*WORK INSTRUCTIONS*:
A precise copy of the data is required, with every picture left out.

-- COLLECTED MATERIAL follows --

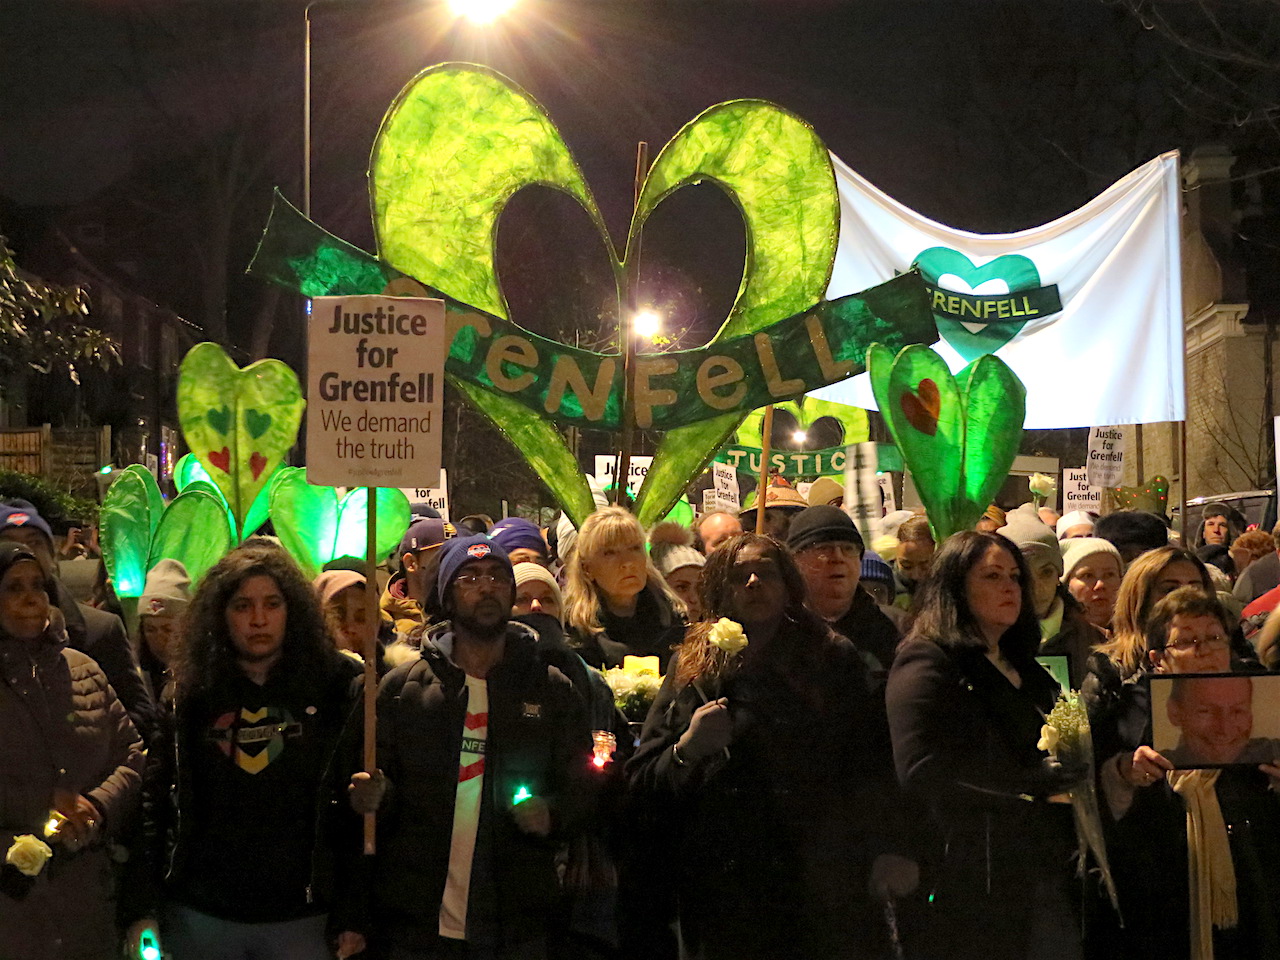 The Silent Walk for Grenfell, December 14, 2017 (Photo: Andy Worthington).
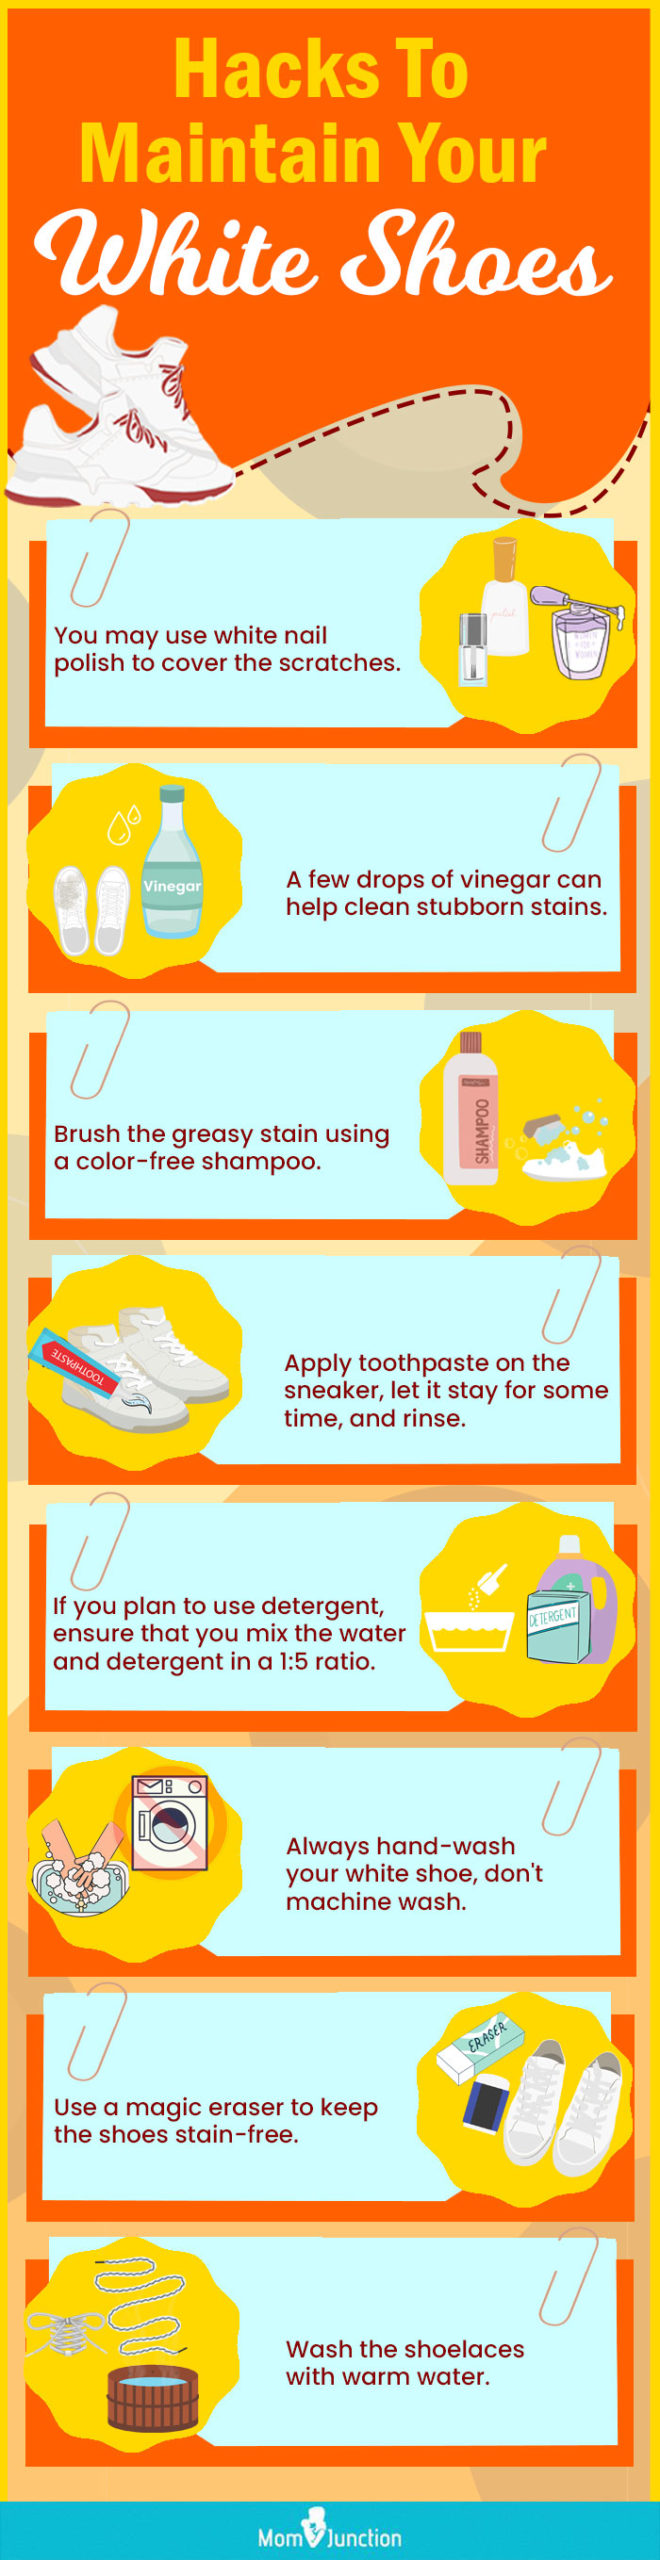 Hacks To Maintain Your White Shoes (infographic)
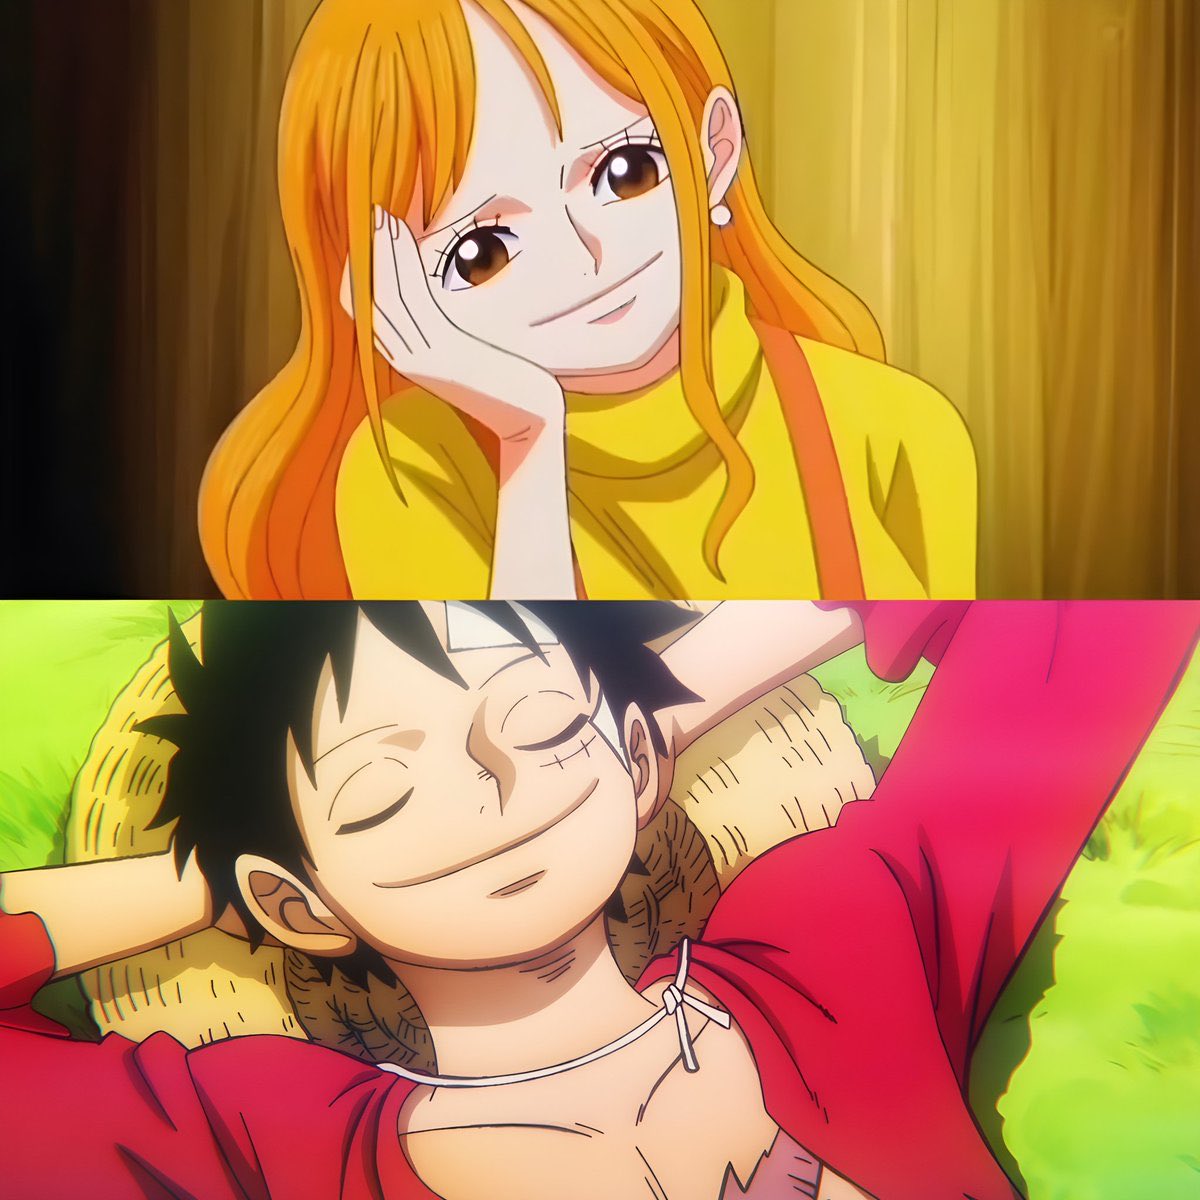 Ship so good other ships want their moments ❤️🧡 #Lunami #ONEPIECE #Luffy #Nami #LuNa
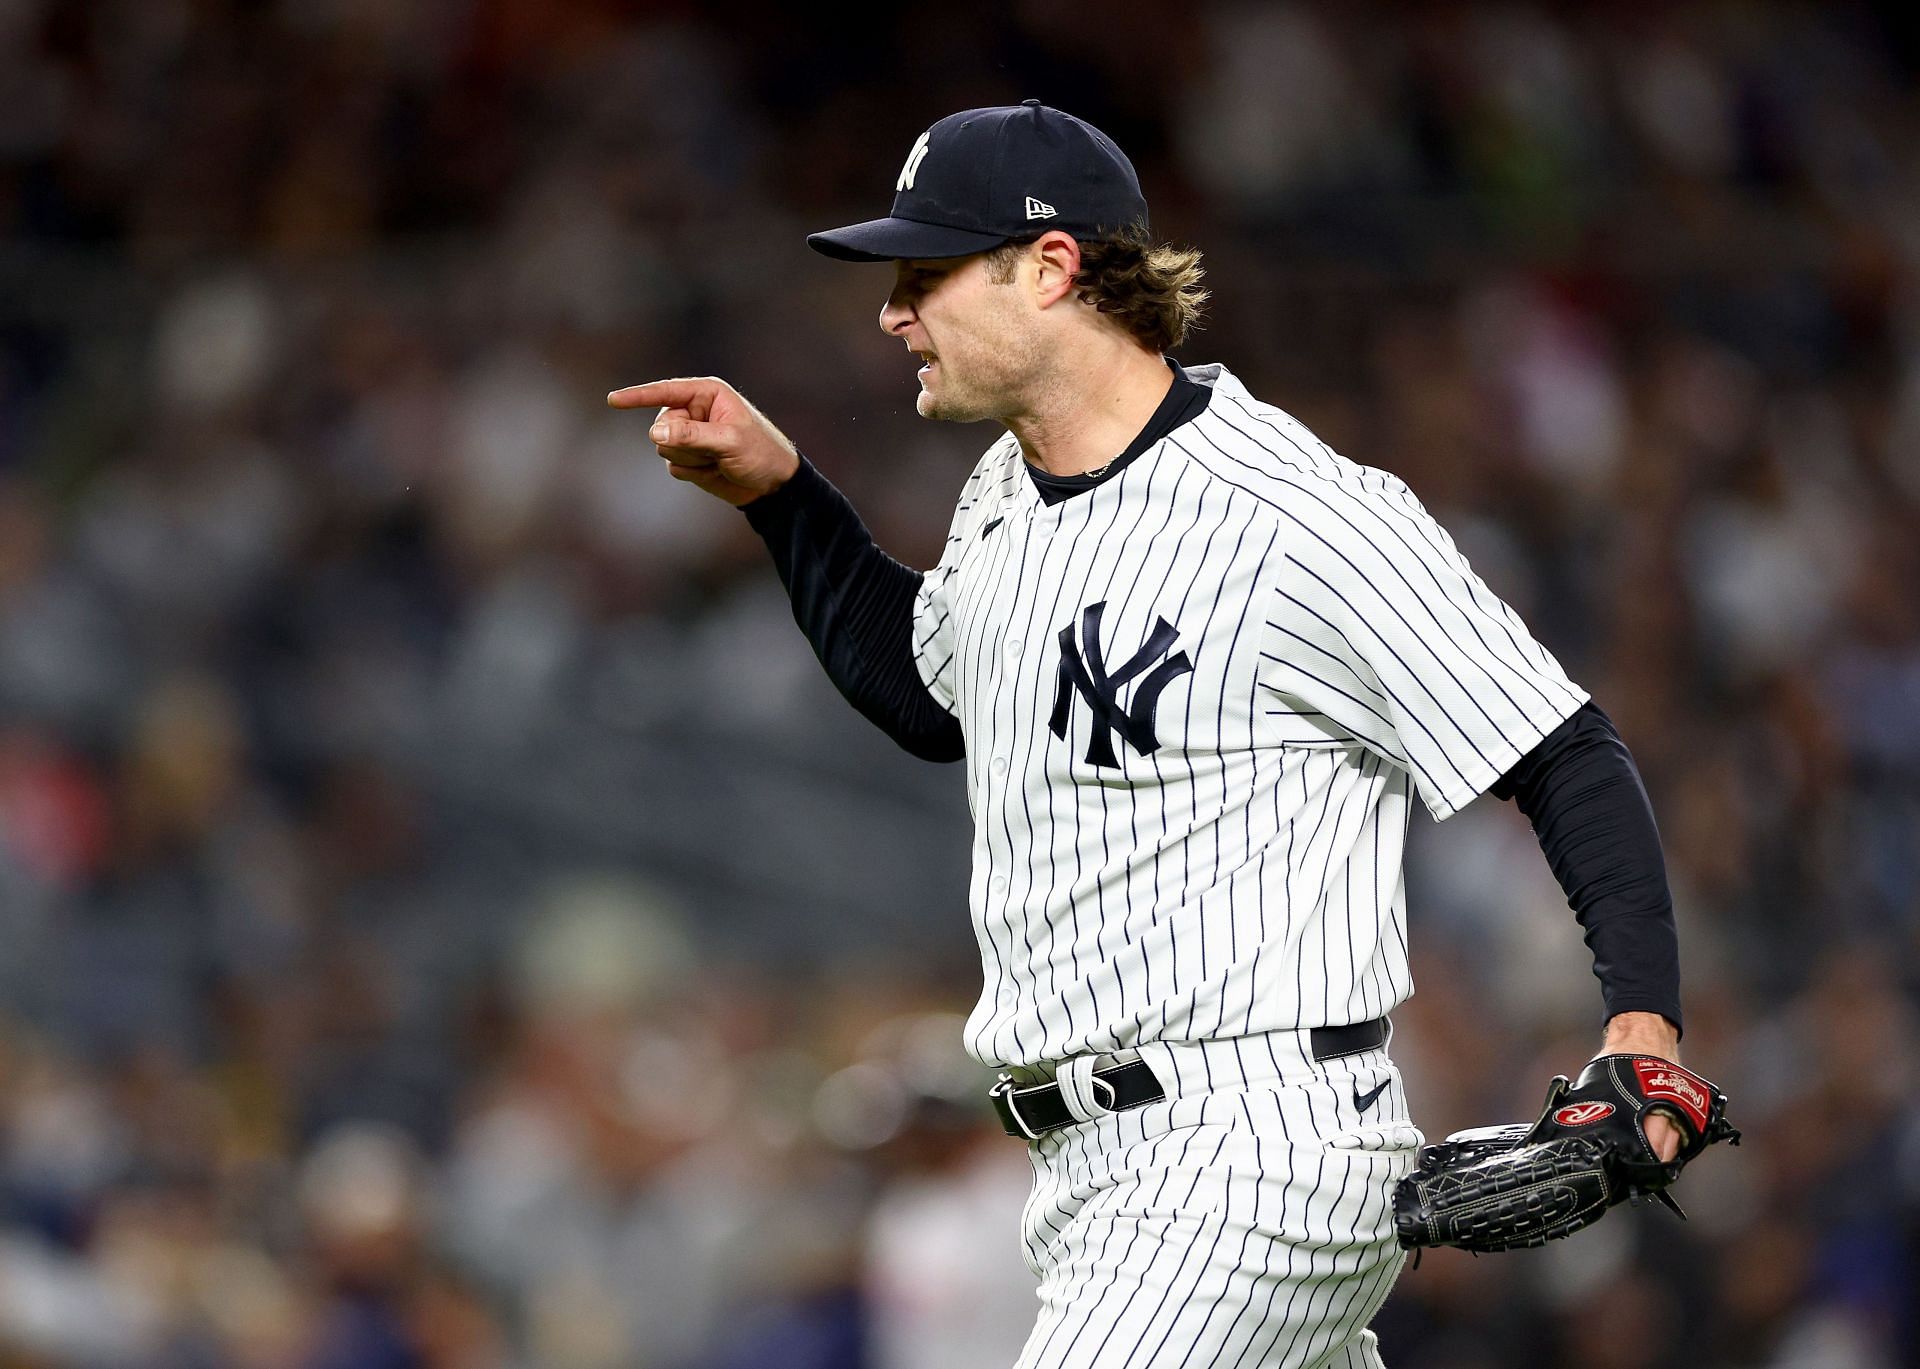 A reminder that Yankees ace Gerrit Cole absolutely demolishes bananas

-- COLLECTED MATERIAL concluded --

*RESPONSE AREA*:
 The Silent Walk for Grenfell, December 14, 2017 (Photo: Andy Worthington).
 Hacks To Maintain Your White Shoes (infographic)
 Ship so good other ships want their moments ❤️🧡 #Lunami #ONEPIECE #Luffy #Nami #LuNa
 A reminder that Yankees ace Gerrit Cole absolutely demolishes bananas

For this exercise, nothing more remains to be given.